桓乐登时就露出委屈神情,“为什么啊?还有哪颗星比我好吗?”
他越是缠着问,岑深就越是不说答案。两人一路追逐打闹着跑到了天安门广场,找了个角落坐下,桓乐还不依不饶。
岑深拗不过他,微微别过头,轻声道:“因为你更像太阳。”
“是吗?”桓乐乐坏了,岑深越是躲,他就越是捧着大脸往他眼前凑,笑眯眯地盯着他,“原来我比星星更亮啊。”
“你坐好了。”岑深推了推他。
“我得靠着你坐。”桓乐歪着头一倒,就抱住他的腰倒在他肩头,两人在秋夜的寒风中紧紧相拥,便一点儿也不冷了。

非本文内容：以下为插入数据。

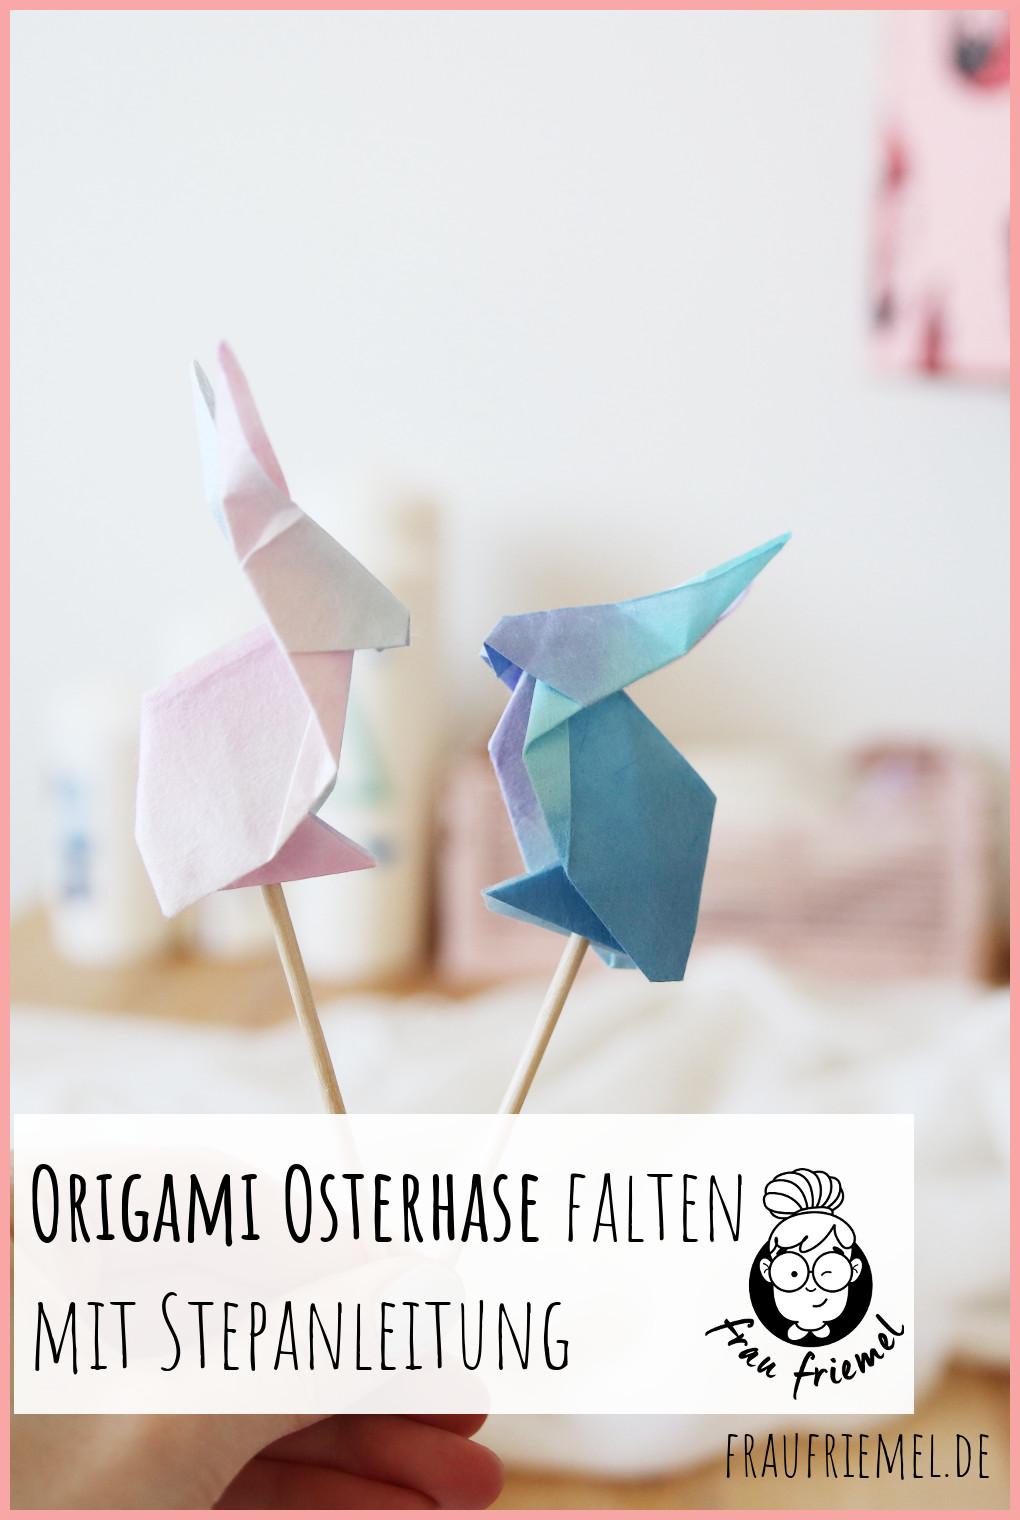 Origami Hase Anleitung auf Pinterest merken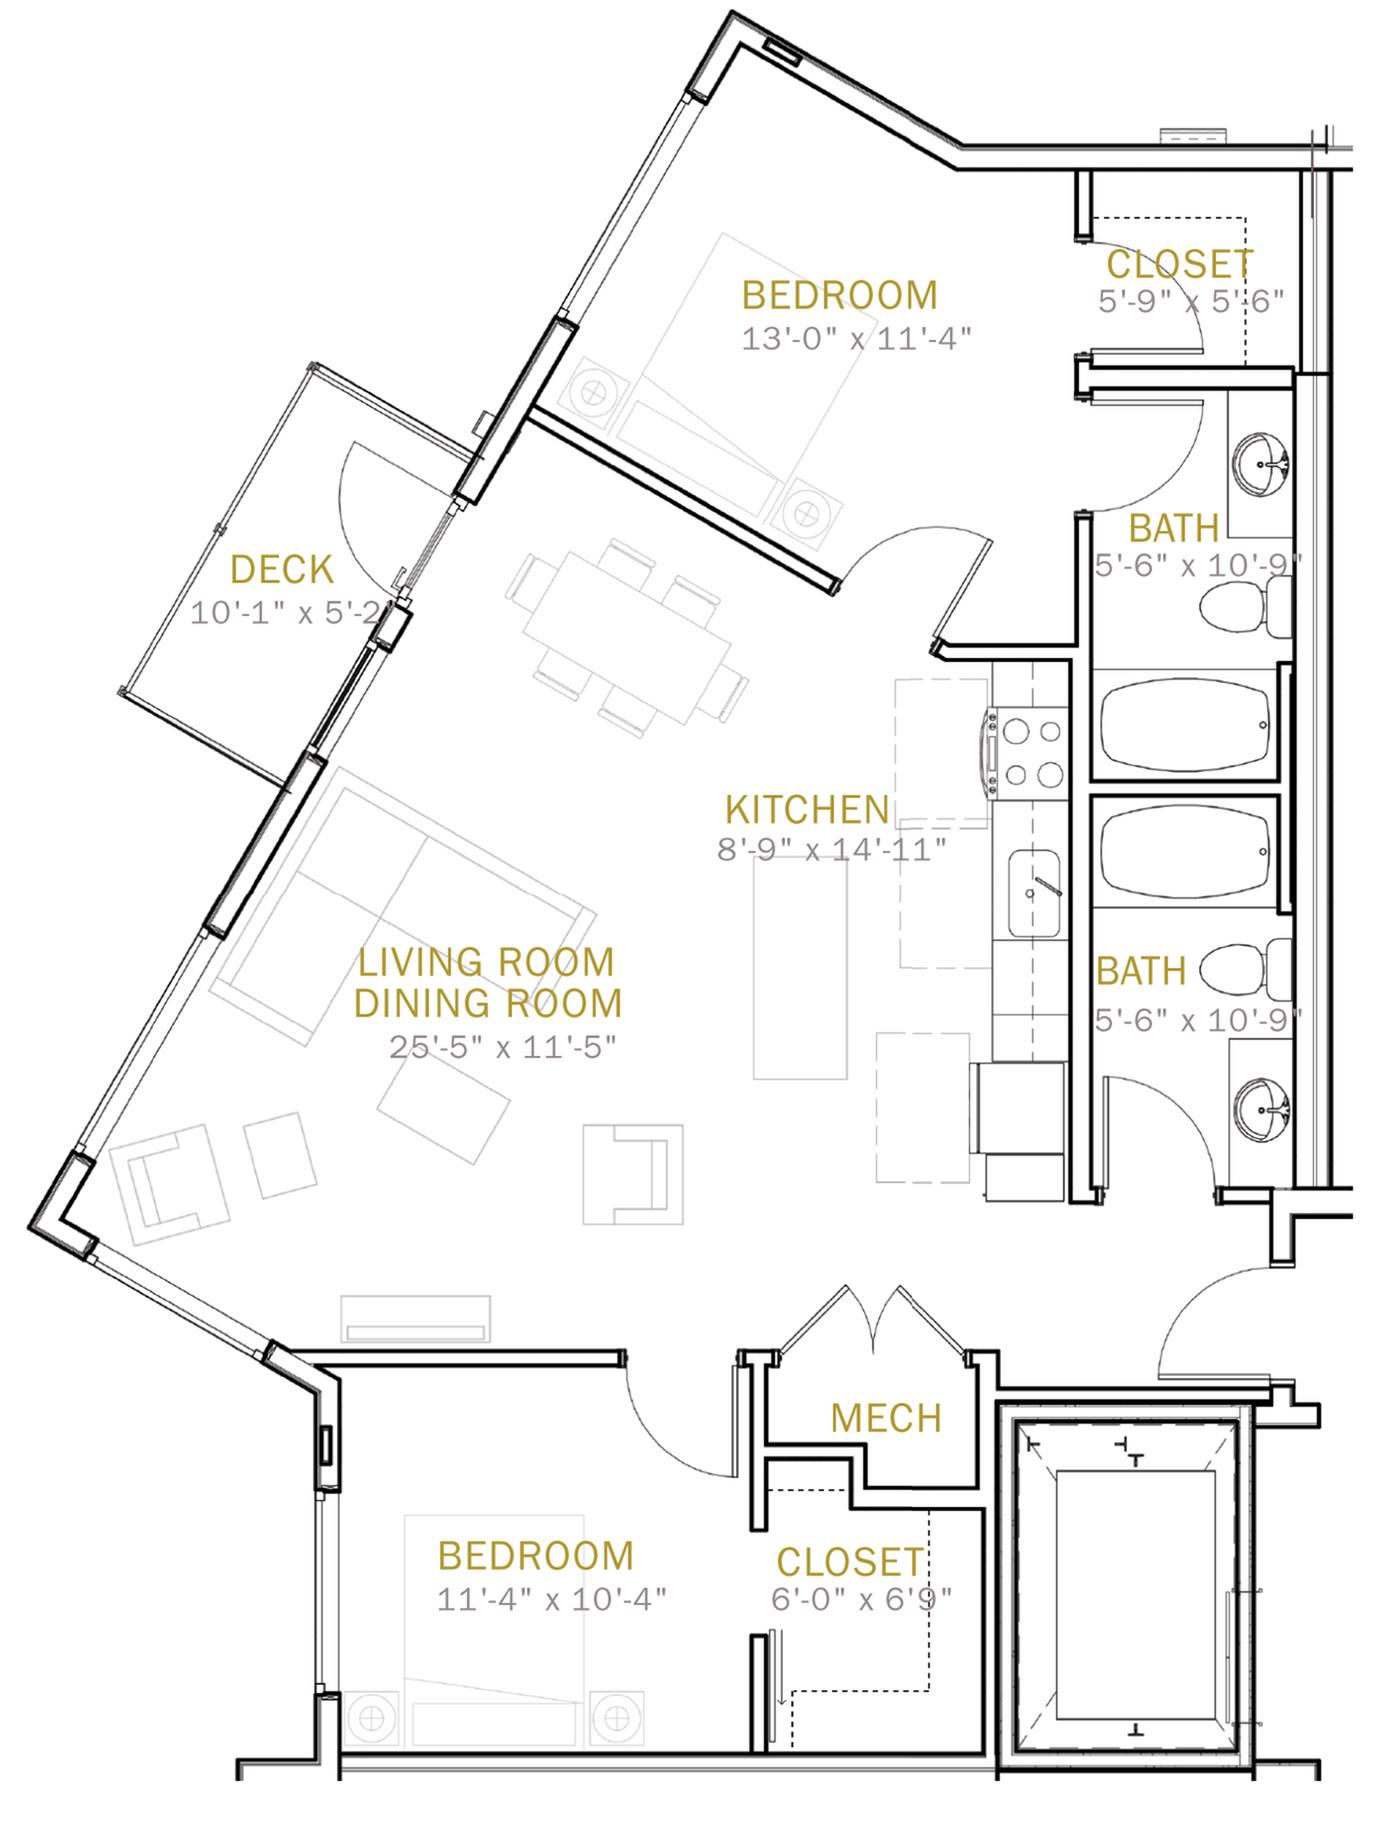 Two Bedroom 1100 Sqft

黑夜是最好的保护色,前来观看升旗的人三三两两地散落在各处,谁也不认识谁,谁也不在乎谁,只有当所有人都抬头仰望时,目光才有片刻的汇聚。
没有人会发现,角落里有一对即将分别的妖怪情侣,在相拥着说些悄悄话。
也没有人知道,在突然张开的结界里,那个长发的少年睁开了一双幽蓝色的狼一样的眼睛。当升旗仪式结束,人群开始散开时,他牵着同伴的手,在日出东方之前,自由地奔跑在长安街上。
“哈哈哈哈——”清朗的笑声冲破黎明,他逆着光回过头,长发飞扬。
岑深下意识地眨了眨眼,躲避从长街的尽头忽然跃出的阳光,然而就在这个刹那,少年奔跑的身姿在日光中化作一只威风凛凛的巨兽。
他停下来,转头朝岑深呜咽一声,又回过头去看日出。仿佛在告诉他——看,另一个我来了。
岑深缓步走到他身边,跟他一起看着。
结界里的长安街上,人来人往、车水马龙,只有他们像站立在世界之外,看着太阳重新照亮钢铁森林。
两人沿着长安街走了一会儿,桓乐向岑深俯首,道:“上来,我背你回去。”
但岑深还是觉得在大马路上骑自己的男朋友怪怪的,于是他干脆也变回了原形,小小一团窝在他背上,不仔细看都发现不了。
“抓紧啊。”
“嗯。”
“阿岑你现在是趴着的还是团着的啊?”
“这重要吗。”
“姿势很重要。”
“闭嘴。”
“那阿岑你能不能回去让我摸一下你的肚子,刺猬的肚子看起来好软哦,又白又软。”
“……专心走路。”
“我就这一个愿望。”
“当个流氓吗?”
我一身刺扎下去,你可能会死。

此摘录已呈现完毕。